St. Teresa of Avila, a Catholic church located in the Ciudad Solidaridad area of Monterrey in the northern state of Nuevo Leon has been using the system for nearly two years.
Monterrey, one of Mexico's most prosperous cities, and areas throughout Nuevo Leon experienced a spike in violence linked to drug trafficking in 2010. Over the past six years throughout Mexico more than 60,000 people have been killed in drug-related violence after the nation's president launched a military anti-drug offensive.
When a light located above a door near the church's altar is lit green it indicates that there is no danger. An amber light next to it indicates caution. A red light alerts parishioners to danger from criminal activity near the church, such as a shooting.
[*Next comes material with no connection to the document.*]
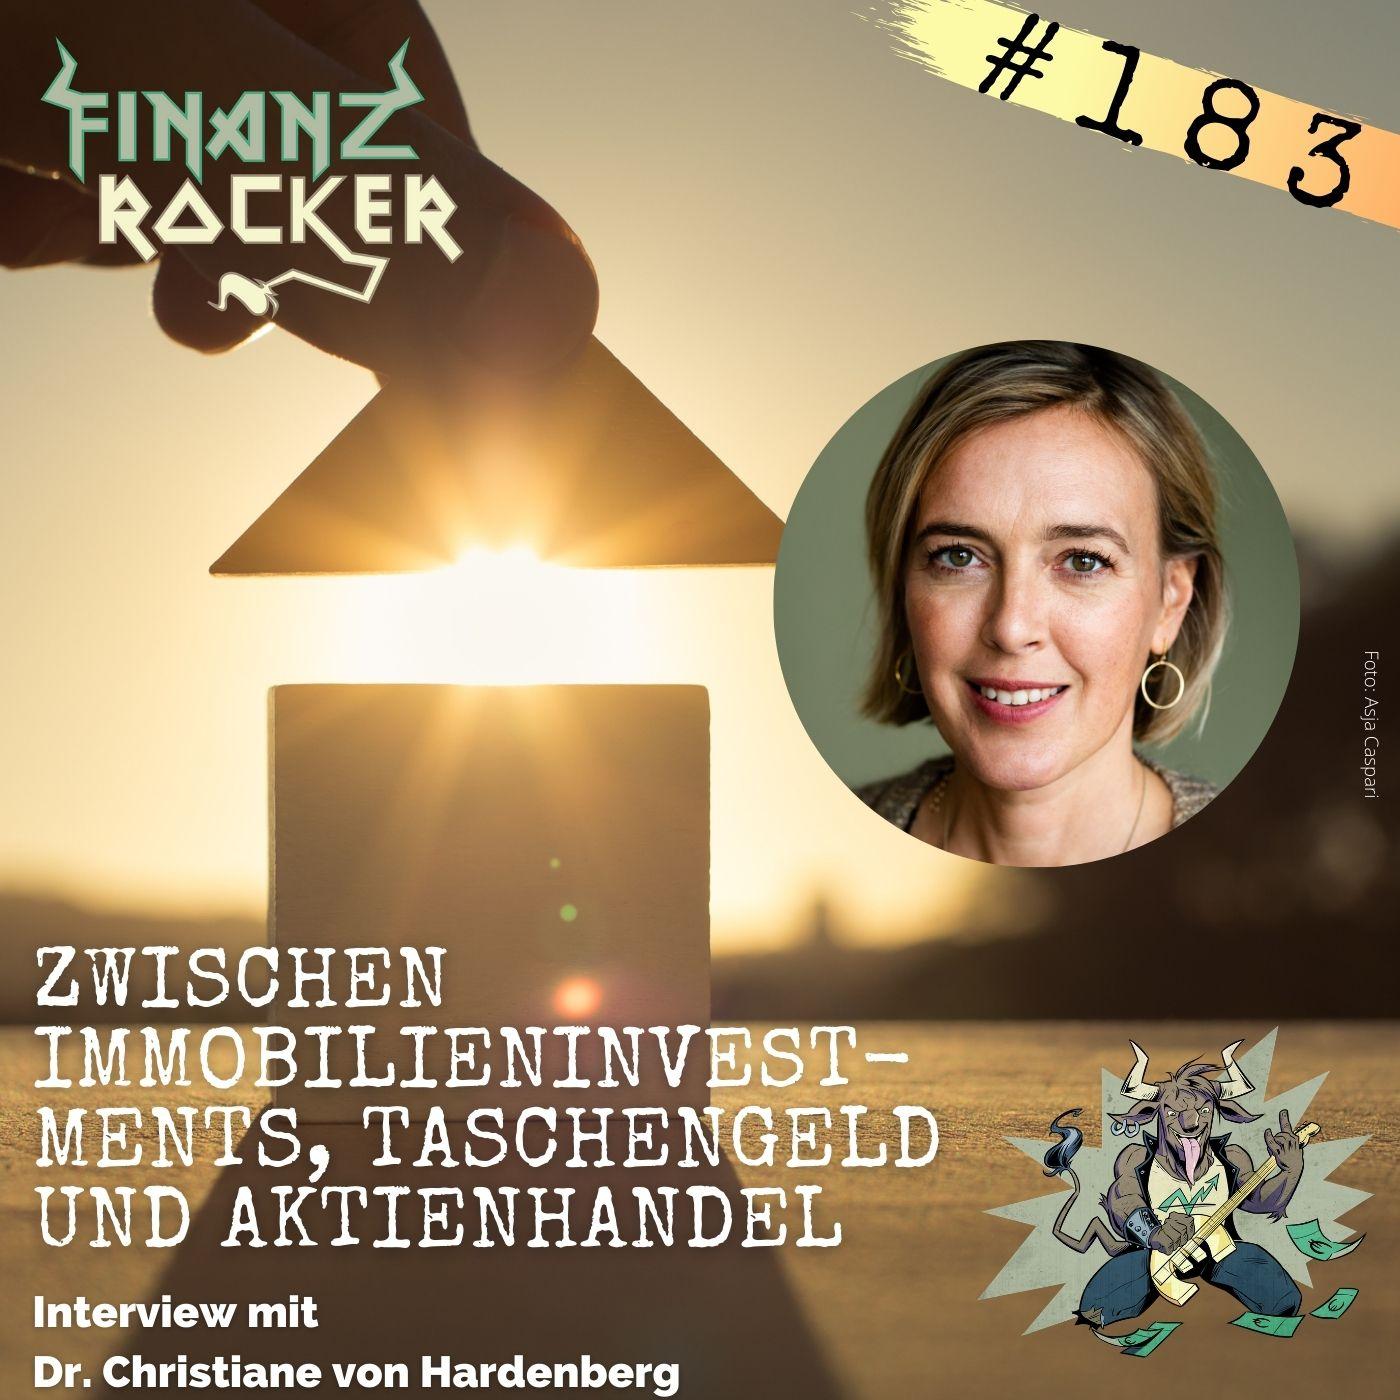 Folge 183: Zwischen Immobilieninvestments, Taschengeld und Aktienhandel - Interview mit Dr. Christiane von Hardenberg

Some windows near prayer areas have been partially covered with cement blocks.
The decision to add more security took place after a shooting in April of 2011, Fr. Scott McDermott, a priest from the United States at the church told AFP in a November 2012 report.
He said the shooting caused a crowd of people to attempt to enter the church while those inside didn't know what was going on.
"There was a lot of panic," he said. In addition, he said the parish has also hired eight guards at a cost of 12,000 pesos, or about $900 USD.
He said the wall in front of the church could help protect against grenades or stray bullets.
In addition, parishioners at the rear of the main worship area are able to see posters and signs with names and photos of people who are missing or have been kidnapped.